The weak employment figures in September appear to be worse in the leisure, hospitality and retail sectors. Employment in these industries fell 3.7% month over month, according to analytics firm Kronos, as cited by Jefferies. Leisure and hospitality bookings contracted 1.2% month over month in August, while employment was flat in those industries, Jefferies reported, predicting a decline of 50,000.

The numbers could allow the Fed to cut back on asset purchases.

Real-time indicators suggest September was not a good month for hiring, with some economists’ estimates falling below 300,000 new jobs. But the jobs figures released on Friday shouldn’t be bad news for investors.

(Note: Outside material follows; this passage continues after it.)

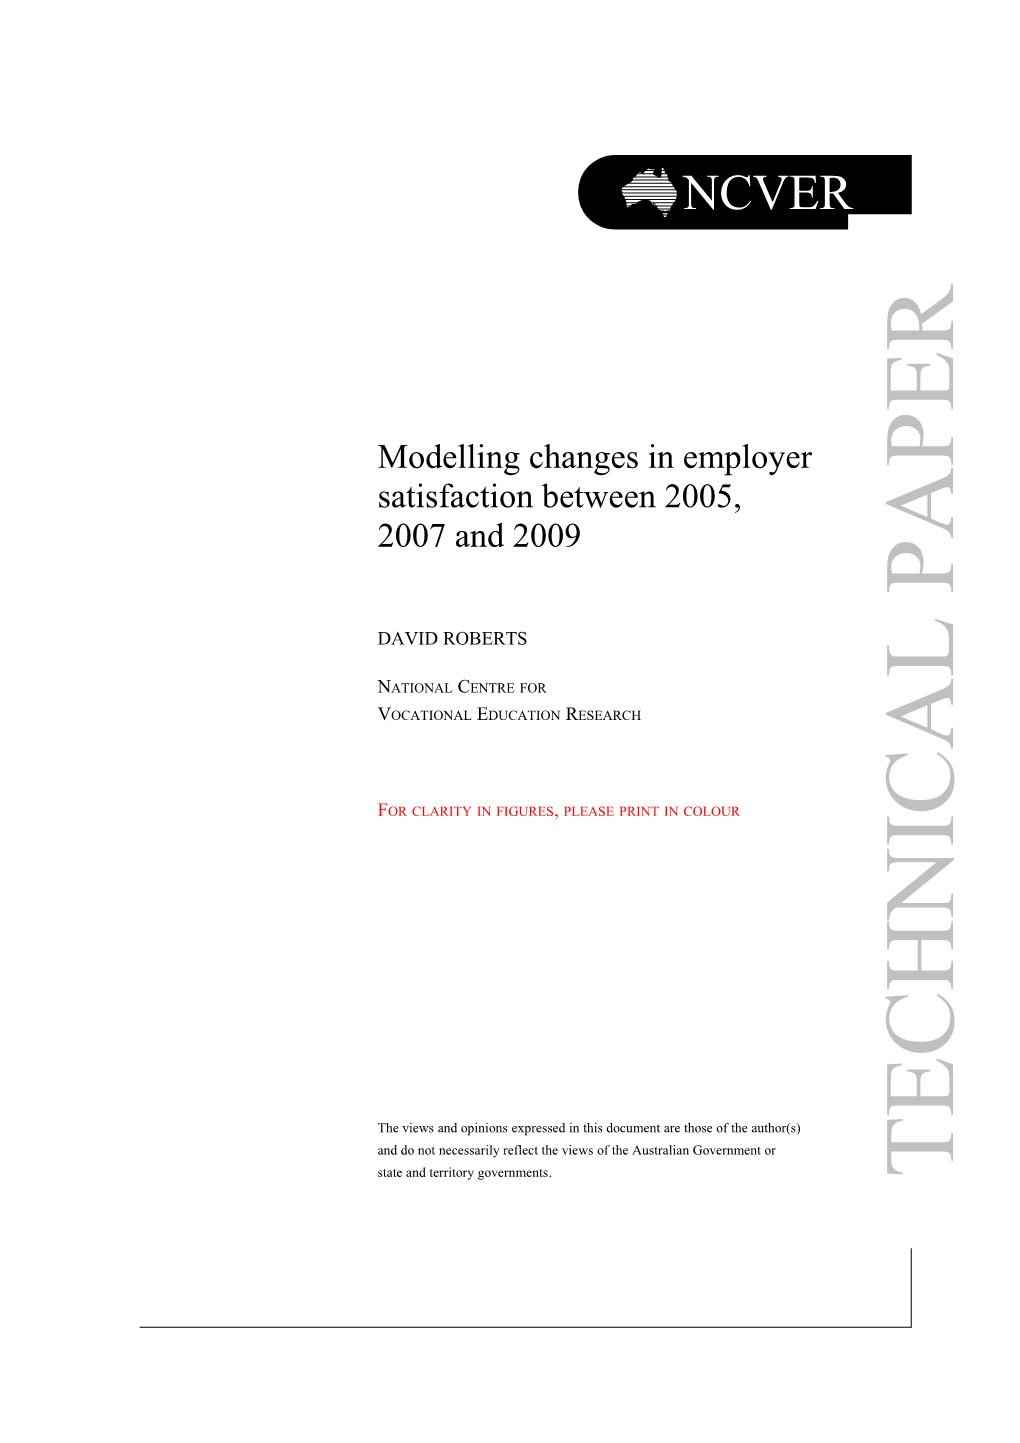 Employer Satisfication 2005 and 2007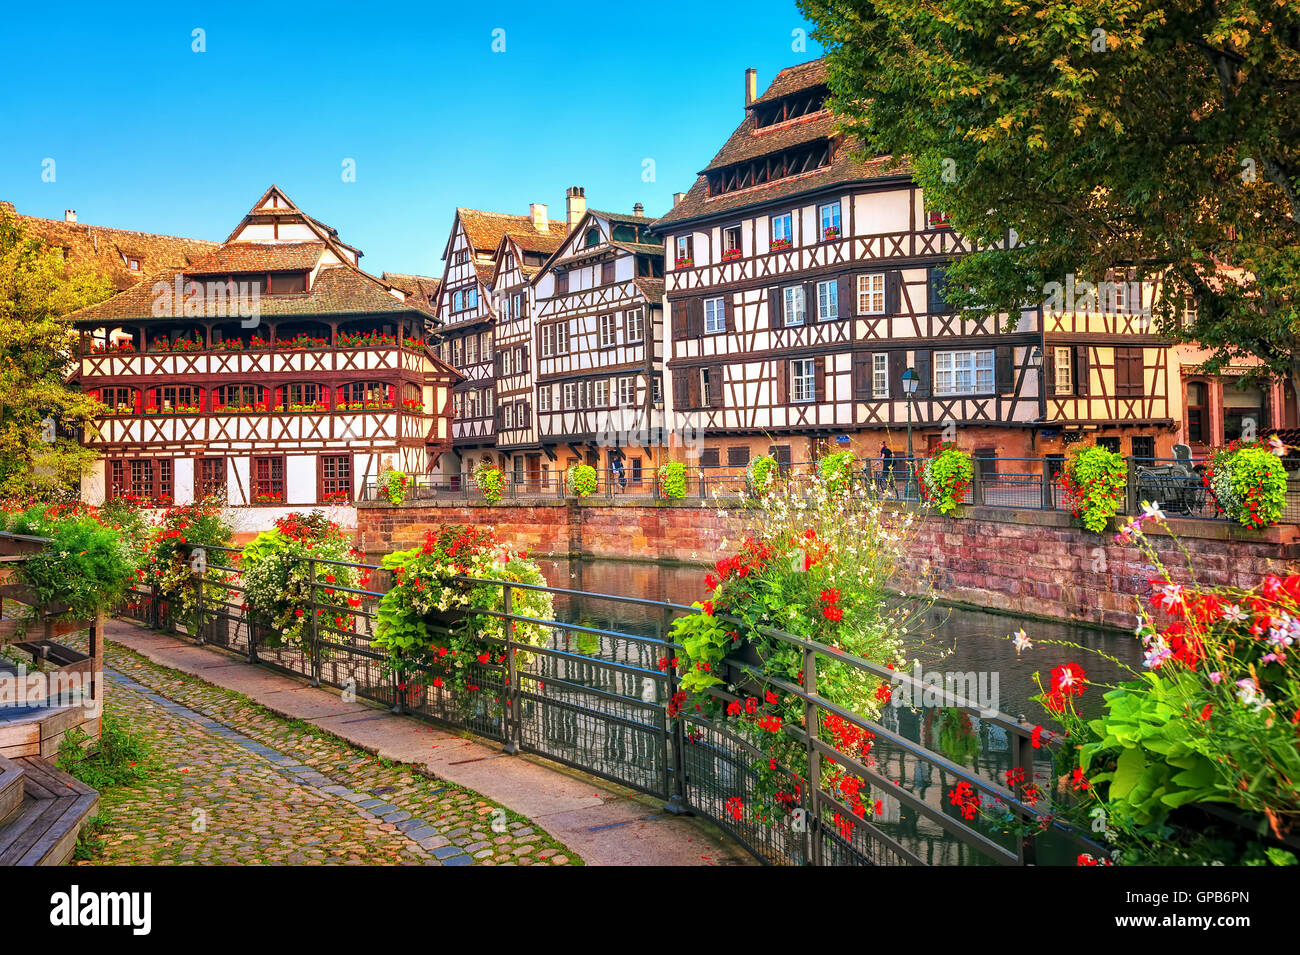 Traditional half-timbered houses in La Petite France, Strasbourg, France Stock Photo

After the September meeting, Powell was asked at a press conference about what might encourage him to gradually cut back on the US monthly bond buying program. “Personally, I don’t need to see a very solid jobs report, but I like to see a decent jobs report,” Powell said.

Something between 300,000 and 500,000 may be “decent” enough for a gradual slowdown in the pace of the Fed’s $ 120 billion-per-month emergency bond purchases, according to a NatWest analysis, perhaps appeasing them. fears that the Fed is forecasting excessive inflation.

If so, a slight employment boom could provide relief to families who weathered the Covid 19 recession, while reassuring investors worried about inflation.

The fact that the bad job news has been concentrated in the leisure industries could mean that it is not about bad economic fundamentals, but rather about the coronavirus, which is slowing the recovery. If so, vaccination would remain one of the most important economic indicators.